WHY is not a Catholic to be believed on his oath?

What says the law of the land to this extravagant piece of injustice? It is no challenge against a juryman to say he is a Catholic; he sits in judgment upon your life and your property. Did any man ever hear it said that such or such a person was put to death, or that he lost his property, because a Catholic was among the jurymen? Is the question ever put? Does it ever enter into the mind of the attorney or the counsellor to inquire of the faith of the jury? If a man sell a horse, or a house, or a field, does he ask if the purchaser is a Catholic? Appeal to your own experience, and try by that fairest of all tests, the justice of this enormous charge.

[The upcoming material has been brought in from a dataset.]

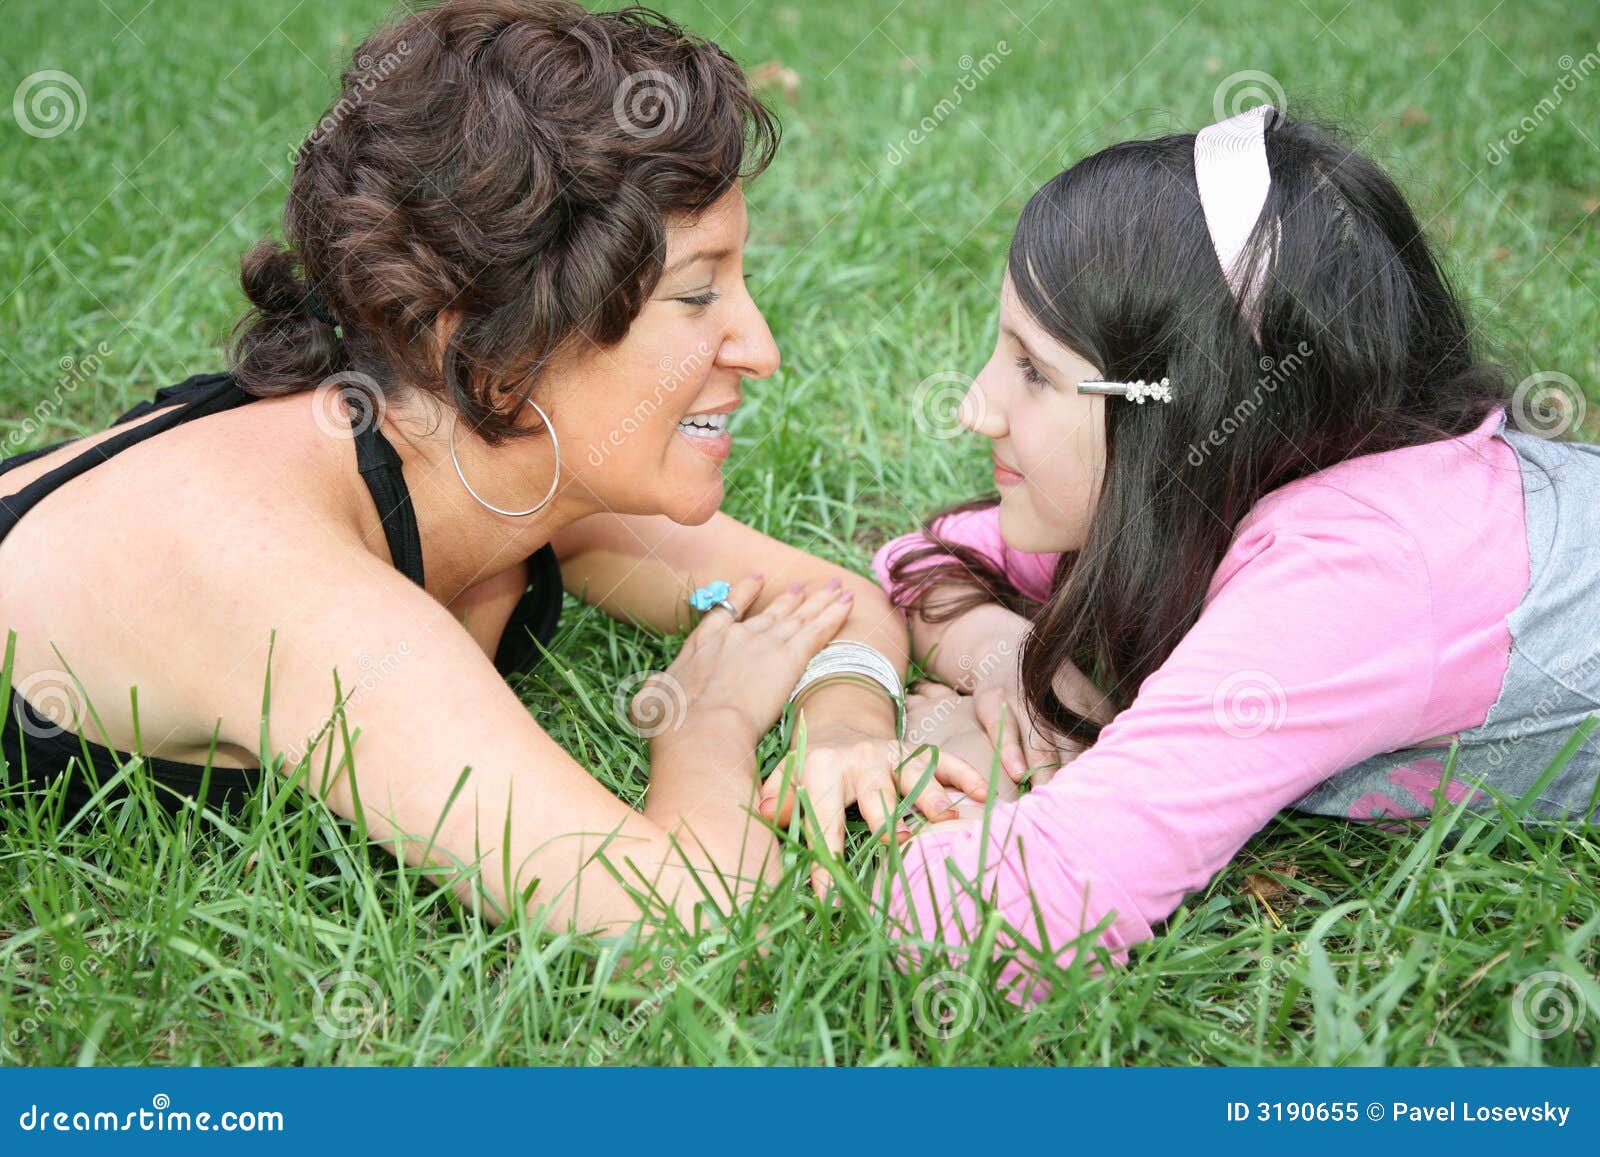 2 мамы лесбиянок. Мать и дочь на траве. Дочка лежит на маме. Мама и дочка лесбиянство. Фотосессия мама и дочь лизбиянка.

We are in treaty with many of the powers of Europe, because we believe in the good faith of Catholics. Two-thirds of Europe are, in fact, Catholics; are they all perjured? For the first fourteen centuries all the Christian world were Catholics; did they live in a constant state of perjury? I am sure these objections against the Catholics are often made by very serious and honest men, but I much doubt if Voltaire has advanced any thing against the Christian religion so horrible, as to say that two-thirds of those who profess it are unfit for all the purposes of civil life; for who is fit to live in society who does not respect oaths? But if this imputation be true, what folly to agitate such questions as the civil emancipation of the Catholics. If they are always ready to support falsehood by an appeal to God, why are they suffered to breathe the air of England, or to drink of the waters of England? Why are they

not driven into the howling wilderness? But now they possess, and bequeath, and witness, and decide civil rights; and save life as physicians, and defend property as lawyers, and judge property as jurymen; and you pass laws, enabling them to command all your fleets and armies,* and then you turn round upon the very man whom you have made the master of the European seas, and the arbiter of nations, and tell him he is not to be believed on his oath.

I have lived a little in the world, but I never happened to hear a single Catholic even suspected of getting into office by violating his oath; the oath which they are accused of violating is an insuperable barrier to them all. Is there a more disgraceful spectacle in the world than that of the Duke of Norfolk hovering round the House of Lords in the execution of his office, which he cannot enter as a peer of the realm ? disgraceful to the bigotry and injustice of his country, to his own sense of duty, honourable in the extreme; he is the leader of a band of ancient and high-principled gentlemen, who submit patiently to obscurity and privation, rather than do violence to their conscience. In all the fury of party, I never heard the name of a single Catholic mentioned, who was suspected of having gained, or aimed at, any political advantage, by violating his oath. I have never heard so bitter a slander supported by the slightest proof. Every man in the circle of his acquaintance has met with Catholics, and lived with them probably as companions. If this immoral lubricity were their characteristic, it would surely be perceived in common life. Every man's experience would corroborate the imputation; but I can honestly say that some of the best and most excellent men I have ever met with have been Catholics; perfectly alive to the evil and inconvenience of their situation, but thinking themselves bound by the law of God and the law of honour, not to avoid persecution by falsehood and apostasy. But why (as has been asked ten thousand times before) do you lay such a stress upon these oaths of exclusion, if the Catholics do not respect oaths? You compel me, a Catholic, to make a declaration against transubstantiation, for what purpose but to keep me out of Parliament? Why, then, I respect oaths and declarations, or else I should perjure myself, and get into Parliament; and if I do not respect

There is no law to prevent a Catholic from having the command of a British fleet or a British army.